Generally speaking, I have nothing but praise for First Lady Michelle Obama. She’s an accomplished career woman, advocate of physical fitness, and, miraculously, has managed to pull off bangs (that’s a fringe to my British readers) in middle age. As far as I can tell, her only fault was that memorable moment in 2009 when she dared to hug the Queen of England. Luckily for Mrs. Obama, and on behalf of all Americans in England, I set out to make good on her gaffe this past weekend when I had occasion to meet the Queen’s son, HRH The Prince of Wales.
|Check out that footwork. Years of childhood ballet recitals finally pay off.|
Prince Charles was visiting our Cotswold town to attend a choral concert as part of Music in Country Churches, a charity of which he is a patron. That I was allowed to meet him, and thus rectify Mrs. O’s impropriety, was through the good fortune of our cherished friendship with Rupert and Ralph (of Americashire fame), who are residents of the former vicarage. During the concert interval, HRH would take refreshment in a marquee on the lawn of the vicarage. To thank the residents for their hospitality, Prince Charles would then take a moment to greet them all before returning to the church for the remainder of the concert. Knowing of my Anglophilia and having met HRH on a previous visit some years ago, Rupert and Ralph suggested we masquerade as residents of the vicarage and take their place in the receiving line. In exchange for their generosity, the only request was that I behave. And so I took to the internet to research royal etiquette and spent the day doing curtsy practice around our kitchen. When my turn came, I would be ready.
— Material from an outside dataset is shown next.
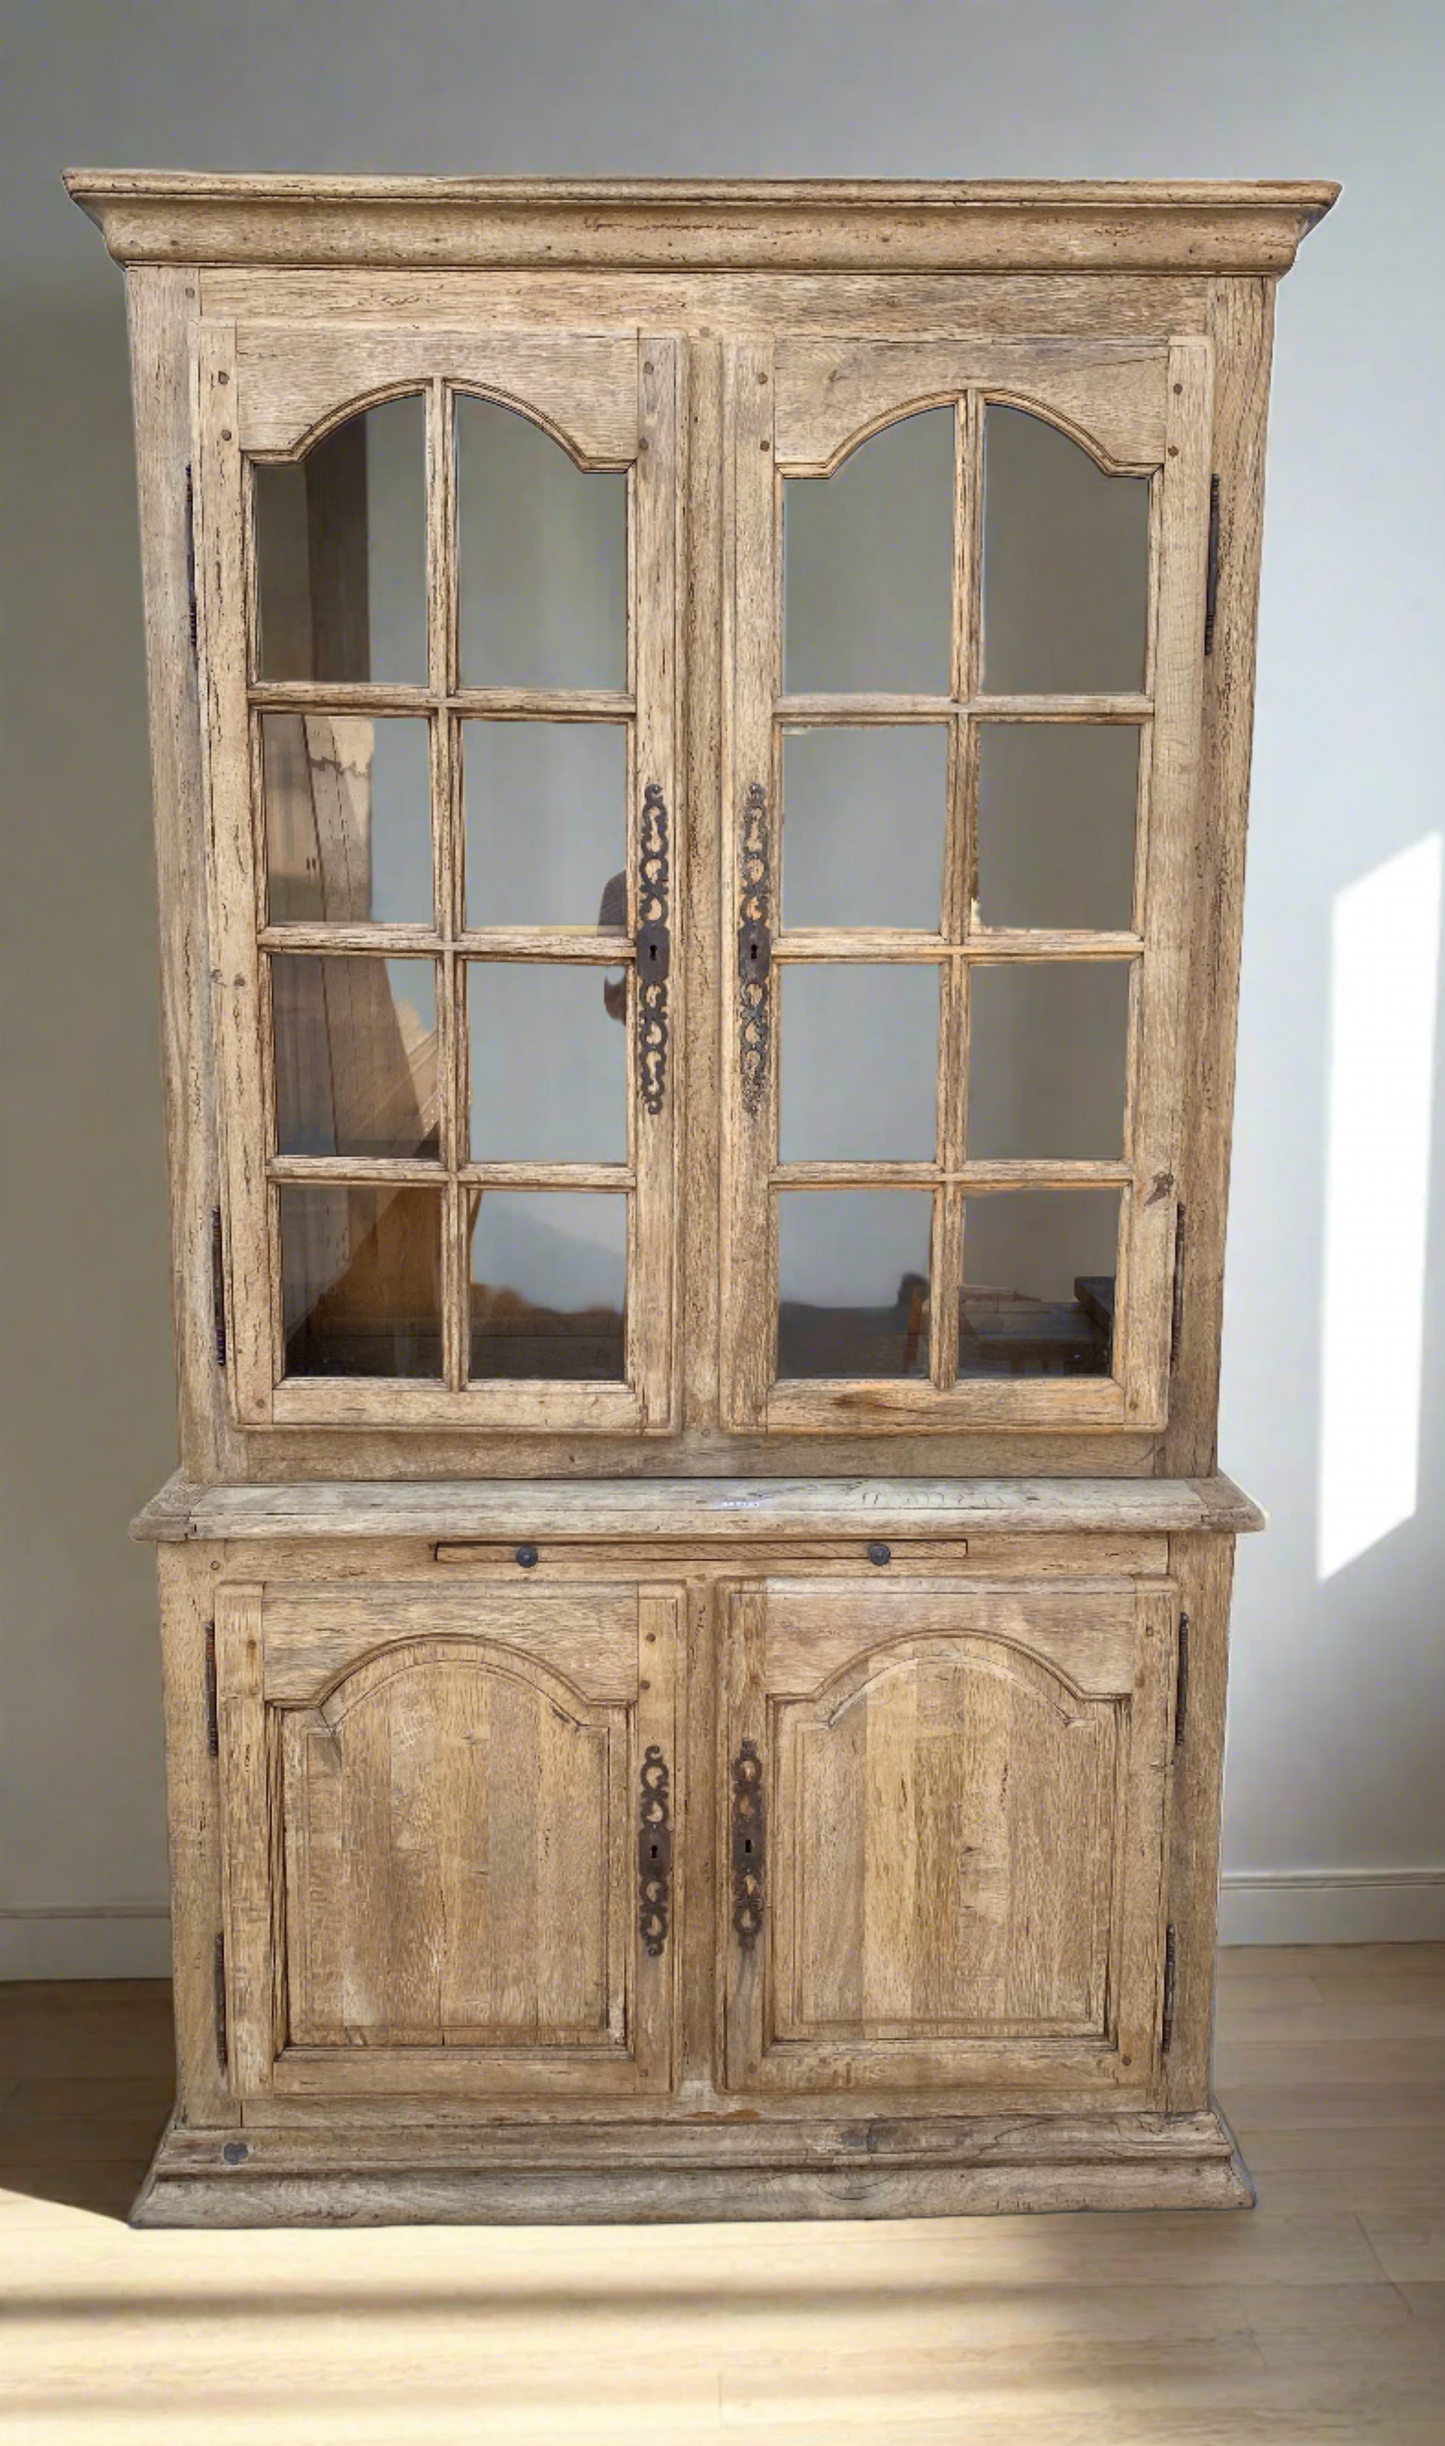 Bleached Antique Display Cabinet

As HRH made his way down the receiving line, I readied myself for the big moment, shifting my weight to my right foot and purse into my left hand. With his pleasantries nearly completed with the woman next to me, I went in for my curtsy, adding a reverent little bow. Just at that moment, a chap from a few places earlier in the receiving line took advantage of the pause to attempt to re-engage HRH in a bit of light banter. I panicked. What was this over-eager buffoon doing distracting Prince Charles from the gracious sweep of my curtsy? I was already down. Should I come out of my pose and wait my turn or should I just stay in position? Erring on the side of caution—there would be no Michelle-esque breaches of etiquette on my watch—I chose to stay as I was, leaving HRH to greet my slightly overgrown roots when he did turn his attention to me.
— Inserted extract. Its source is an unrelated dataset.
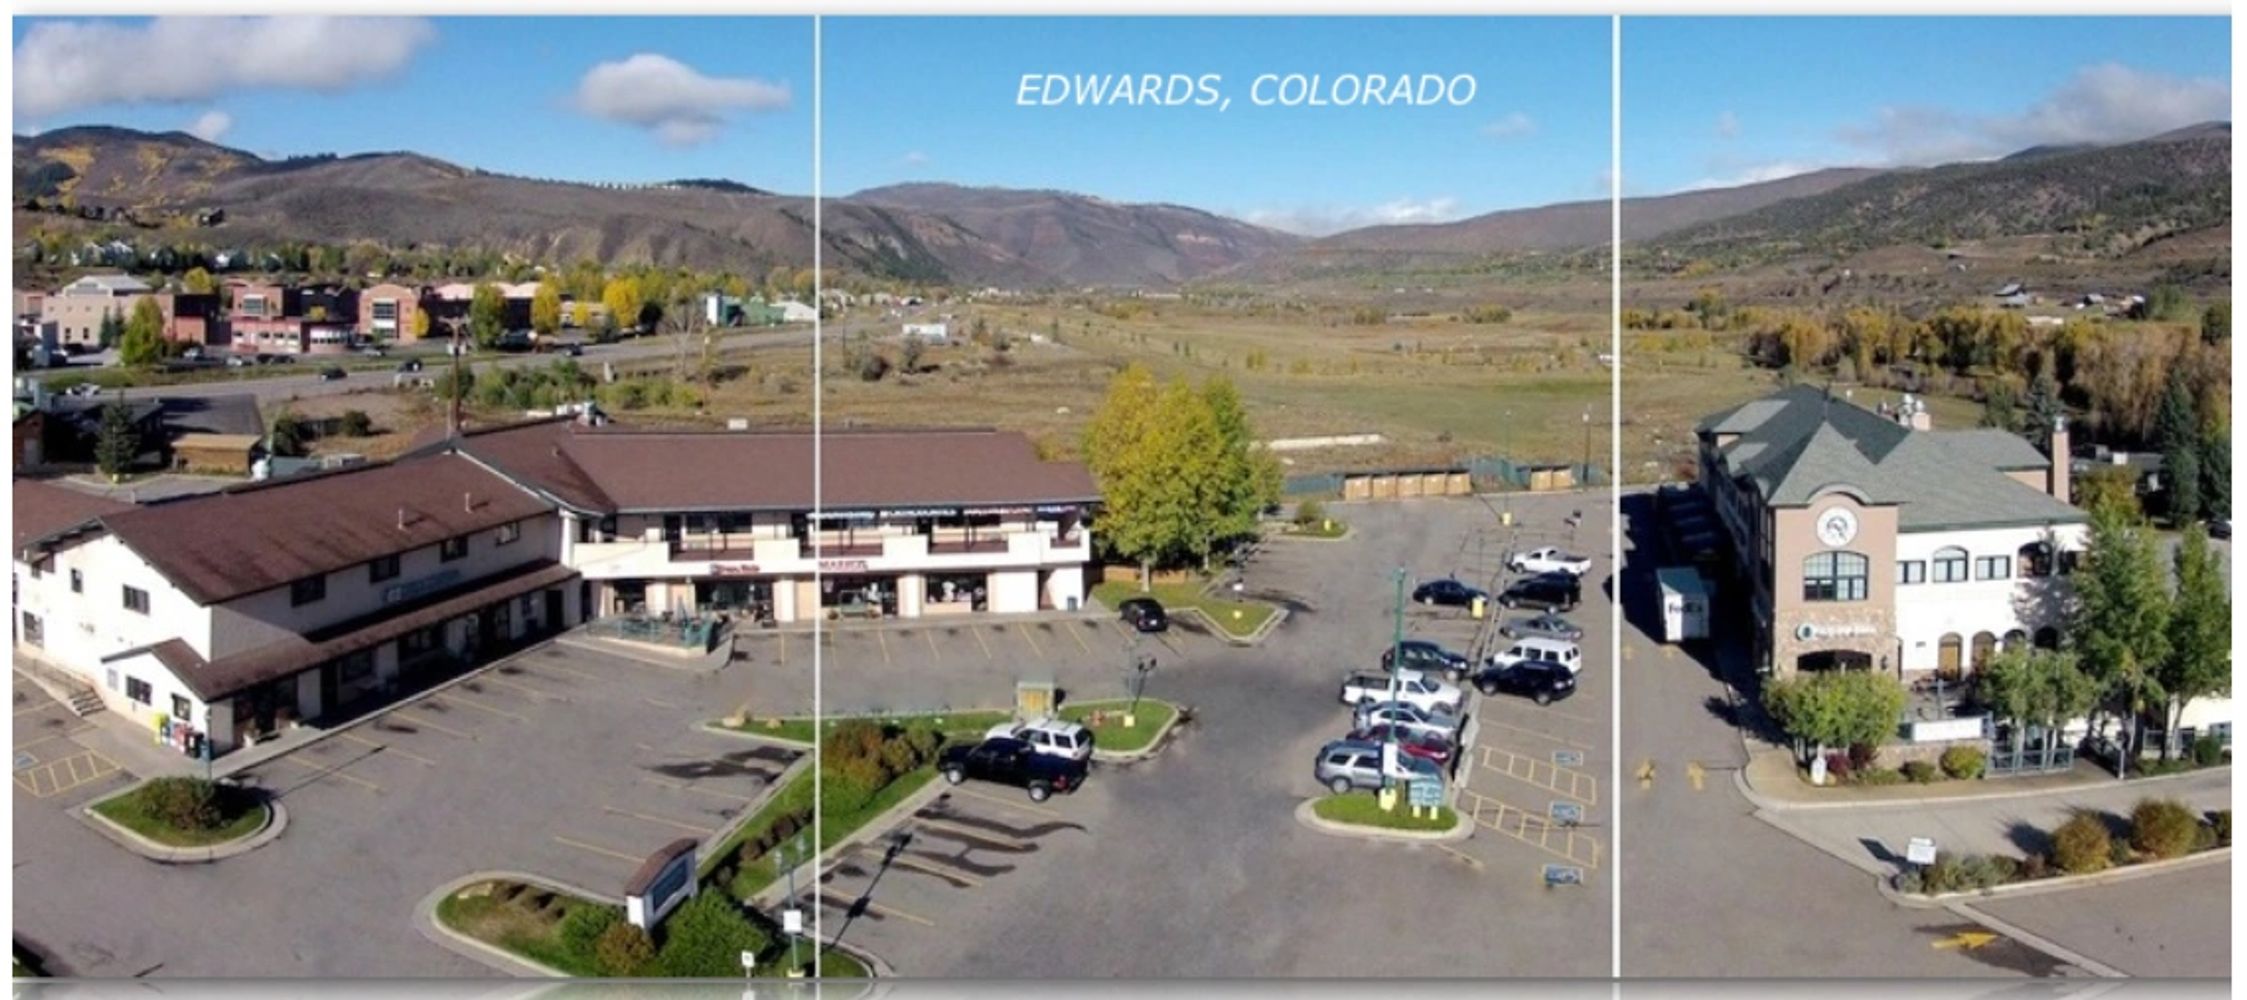 eat shop work mall food restaurant bank lease vacancy prime location vail valley edwards colorado

|In an apparent bid to make HRH feel better about his comb over, I show him my roots|
As patiently as he had waited for the last fellow to finish his bit of not-so-snappy repartee, HRH waited for me to complete my genuflection so that we could shake hands. Thankfully my husband managed to answer some questions on my behalf while I was busy bowing. I’m not sure I ever managed to form any words, but at least I have proof I managed to smile.